Lunar Observer records upcoming dates of interest: holidays, birthdays, best day to cut hair.
The time between Thanksgiving and Christmas is a classic time for a blockbuster. People are hanging out with their families more, desperate for something to do together that doesn't involve sitting around talking. Home Alones 1 and 2, Gremlinses first batch & New, and Dies Hard & Harder all dropped around this time to great effect.
For recorded music (AKA "albums") you usually see a stranger distribution of trends in December — it's pretty much too late to get on a "year's best" list, but also it's prime time to make holiday sales. So December releases tend to be either wig-twisting, oversized dynamos uncaring of critics; savvy pop investments more interested in money than critical acclaim; or scheduling errors.
Literary blockbusters tend to disperse a little more regularly throughout the year, but this Saturday, Dec. 10, we celebrate the anniversary of two literary blockbusters, or proto-blockbusters. Mark Twain's Huckleberry Finn was published on this day in 1884, and Alfred Jarry's absurdist bellwether play Ubu Roi opened and closed on this night in 1896. Both of these works are groundbreaking, fun, good, classic, oftentimes banned, and certified best-sellers.
I think you have to let teens come to their own satire.
I read Huckleberry Finn in school. Probably more than a few readers did too. It's regularly banned or threatened to be banned from schools due to its use of racist language, but it seems like Mark Twain also didn't want it taught, though for a different reason — it seems like he just plain hated school.
I remember my English teacher reading aloud from the intro: "Persons attempting to find a motive in this narrative will be prosecuted; persons attempting to find a moral in it will be banished; persons attempting to find a plot in it will be shot." I was familiar with this sort of self-denigrating level-setting preamble from Mad magazine and other sources, but it was a foundational insanity to realize that my teacher, probably once nice but now bitter and insane, a classic lazy, tenured, spiteful, senile, pinched-face archetype prone to paranoid hallucinations, was just flopping this defeat on the table. Hiding in plain sight I guess.
Ubu Roi will never get the high school treatment — it was a big, big noise in its time, forging a path for Dadaism, Surrealism, and the Theater of the Absurd, but the very first word is SHIT, if not in all caps then in an all-caps feeling, and there's no avoiding or defending that.

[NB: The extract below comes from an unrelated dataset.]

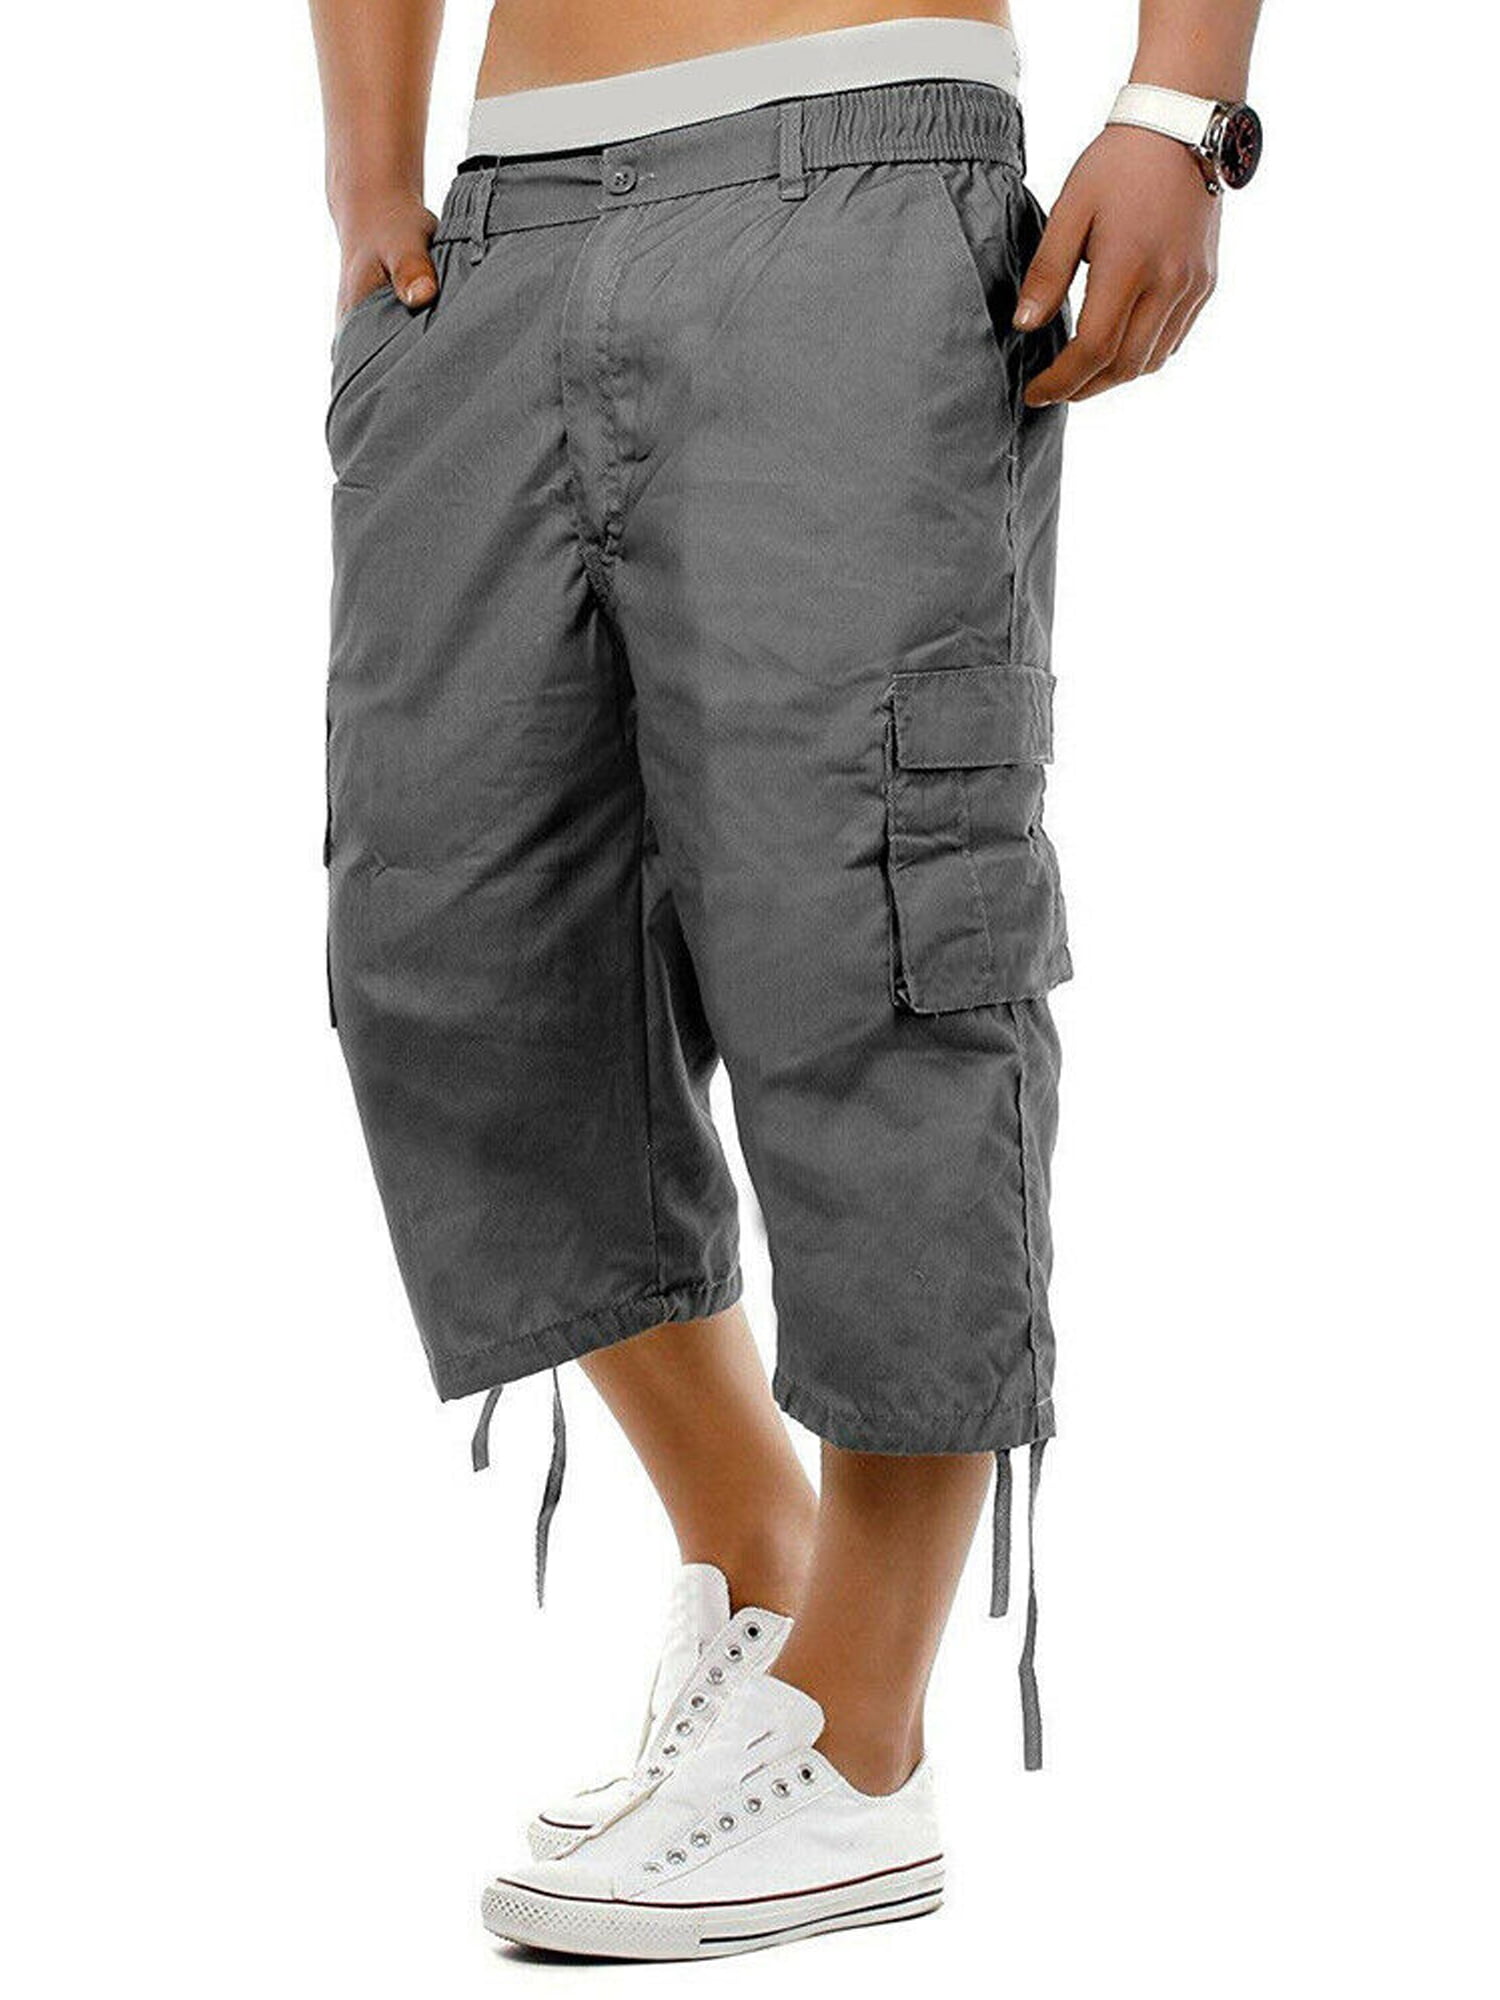 MERSARIPHY Men's Cargo Capri Pants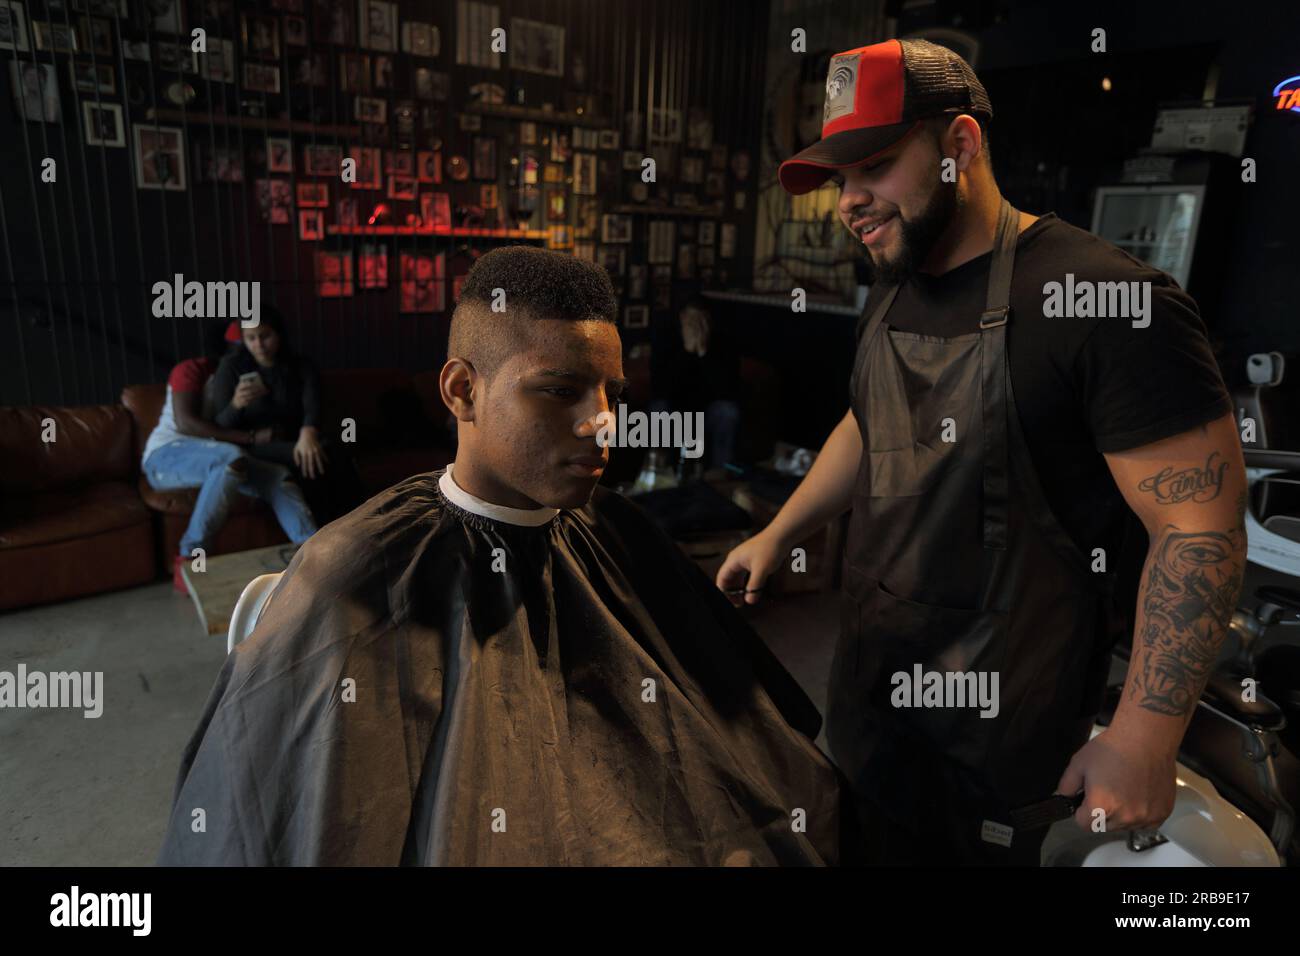 Friseurin, der den Kunden im Salon bedient. Ein junger Mann bekommt einen trendigen Haarschnitt im Friseursalon. Frankfurt am Main, Deutschland Stockfoto

Ubu Roi's eponymous main character is definitely still relevant, as he has been for basically every minute of recorded history: a childlike dictator with no self-awareness; ugly, vulgar, gluttonous, grandiose, and dishonest (see also Home Alone 2, Gremlins 2: The New Batch, and Die Hard (the first one)). But maybe it's for the best that you can't get it in class. Ubu Roi is based directly on a bad teacher that Jarry had as a kid, and while it's important, as a kid, to learn strategies to navigate or mitigate the effects of irrational actors who have some control over your agency, I think you have to let teens come to their own satire. Or am I only saying this because Dada didn't age well and contemporary satire sucks? Anyway, RIP Vine.
Another cultural product that debuted Dec. 10 is the Mighty Mouse Playhouse TV show. I'll leave it for someone else to tie this in with Huck Finn and Pere Ubu, but if you want a meditation for the day, you could do worse than Mighty Mouse Playhouse.
Birthdays on the 10th include mathematician and programmer Ada Lovelace, composer Olivier Messiaen, writer Clarice Lispector, and musician J Mascis. The best day to cut hair this week is the 11th.